A new, even relatively sane thought about JVP — Jewish Voice
for Peace — occasioned by the fact that the nasty groupuscule** is
demanding that Lincoln Center cease and desist from mounting "To the End
of the Land" by Israeli writer David Grossman. Grossman, besides being an
eminent, and as of this year, Booker Prize winning novelist, has long been an
outspoken critic of Israel's occupation of the West Bank.
So what then bugs the irritable groupuscule? Well, there is
the undeniable fact that Grossman is an Israeli and JVP, when it's being open about
it, opposes the very existence of Israel, which it regards as no better, no
more legitimate, than Israeli occupation of the West Bank.
What JVP recommends for Israel is non-existence.
But getting back to my new thought: it's this, namely that the
very existence and headline-hogging, attention-grabbing activity of JVP makes
it harder for Jews and others to come together to forge an effective opposition
to Israeli policy toward Palestinians.
JVP is founded on such a bad premise, and draws too often on
an anti-Zionism shaped and driven by underlying anti-Semitism that it's an
obstacle to a sane approach. To call JVP a distraction is too mild. Taking time
with and defending against its
overtures drains energy and imagination from what might come together in its
absence. JVP makes opposition to Israeli policy more difficult to achieve.

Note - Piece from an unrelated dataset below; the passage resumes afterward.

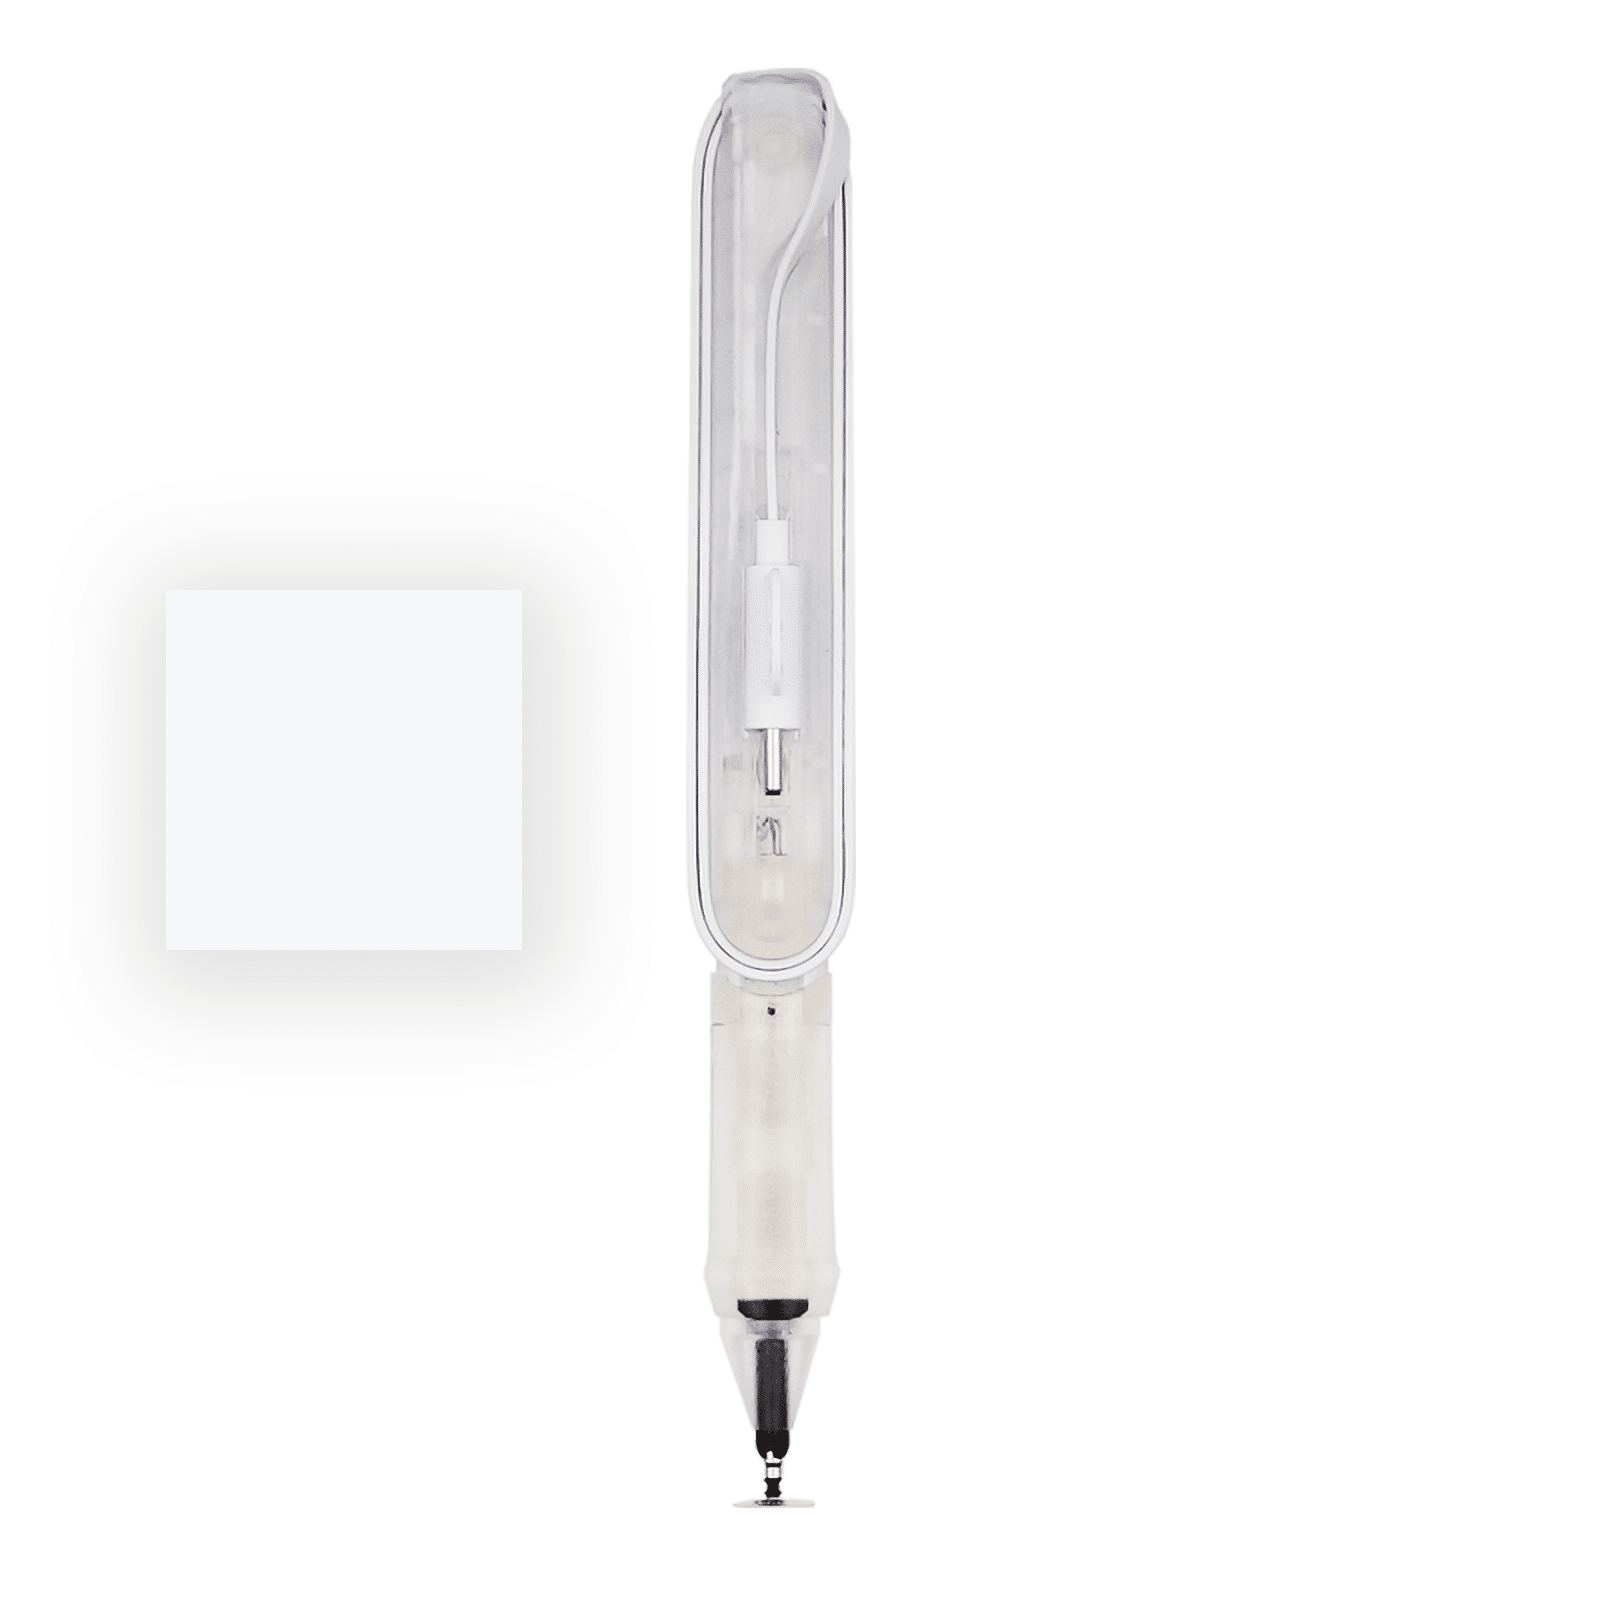 SonarPen - Pressure Sensitive Smart Stylus Pen with Palm Rejection and  Shortcut Button. Battery-Less. Compatible with Apple  iPad/iPhone/Android/Switch/Chromebook

I was disappointed, because I like his work, to find that
Wallace Shawn is among those who thinks the Grossman play should be evicted
from the Lincoln Center platform. Next time I see Wally, I'll ask, "Let's
put it simply, why are you being such a schmuck? Don't you know already from
the study of history that seizing on the most extreme sounding solution, though
it may sound like the smartest, and most principled, is often the dumbest thing
to do? Wally, why don't you know that already?"
**As per the Wiki, a groupuscule defined as, "A small political
group, especially of an extremist faction."